LISTED RECORDS:
************

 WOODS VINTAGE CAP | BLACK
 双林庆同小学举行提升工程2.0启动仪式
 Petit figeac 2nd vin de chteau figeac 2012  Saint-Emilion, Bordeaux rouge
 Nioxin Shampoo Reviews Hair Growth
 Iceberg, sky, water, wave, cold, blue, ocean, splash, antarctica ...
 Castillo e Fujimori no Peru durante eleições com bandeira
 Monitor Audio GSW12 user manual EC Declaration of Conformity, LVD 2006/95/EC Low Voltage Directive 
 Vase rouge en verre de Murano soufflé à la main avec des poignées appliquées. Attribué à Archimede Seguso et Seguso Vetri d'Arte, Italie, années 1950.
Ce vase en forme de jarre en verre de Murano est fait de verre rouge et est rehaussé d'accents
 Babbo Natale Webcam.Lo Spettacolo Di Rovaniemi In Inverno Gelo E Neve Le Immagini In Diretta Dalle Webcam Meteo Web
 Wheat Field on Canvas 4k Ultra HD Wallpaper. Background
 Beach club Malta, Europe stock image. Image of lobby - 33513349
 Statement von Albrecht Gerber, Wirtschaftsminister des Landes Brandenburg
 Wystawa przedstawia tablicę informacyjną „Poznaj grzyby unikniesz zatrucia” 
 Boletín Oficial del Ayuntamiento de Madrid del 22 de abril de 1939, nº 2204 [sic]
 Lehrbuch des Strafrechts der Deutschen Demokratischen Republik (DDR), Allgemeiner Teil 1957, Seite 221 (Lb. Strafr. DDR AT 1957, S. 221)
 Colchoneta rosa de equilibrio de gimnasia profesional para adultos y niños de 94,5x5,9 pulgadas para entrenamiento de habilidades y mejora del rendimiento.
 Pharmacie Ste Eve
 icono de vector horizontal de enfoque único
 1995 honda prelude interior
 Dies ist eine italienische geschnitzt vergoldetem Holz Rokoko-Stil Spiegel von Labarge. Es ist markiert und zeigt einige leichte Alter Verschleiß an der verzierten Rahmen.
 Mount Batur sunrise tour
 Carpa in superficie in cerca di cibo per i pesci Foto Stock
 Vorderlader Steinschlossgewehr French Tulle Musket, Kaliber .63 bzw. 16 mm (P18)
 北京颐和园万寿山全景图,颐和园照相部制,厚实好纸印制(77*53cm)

************

WHAT IS NEEDED: Please copy exactly the lines from the first line of the records above through the line containing "Monitor Audio GSW12", including both, and nothing more.

YOUR RESPONSE:
 WOODS VINTAGE CAP | BLACK
 双林庆同小学举行提升工程2.0启动仪式
 Petit figeac 2nd vin de chteau figeac 2012  Saint-Emilion, Bordeaux rouge
 Nioxin Shampoo Reviews Hair Growth
 Iceberg, sky, water, wave, cold, blue, ocean, splash, antarctica ...
 Castillo e Fujimori no Peru durante eleições com bandeira
 Monitor Audio GSW12 user manual EC Declaration of Conformity, LVD 2006/95/EC Low Voltage Directive 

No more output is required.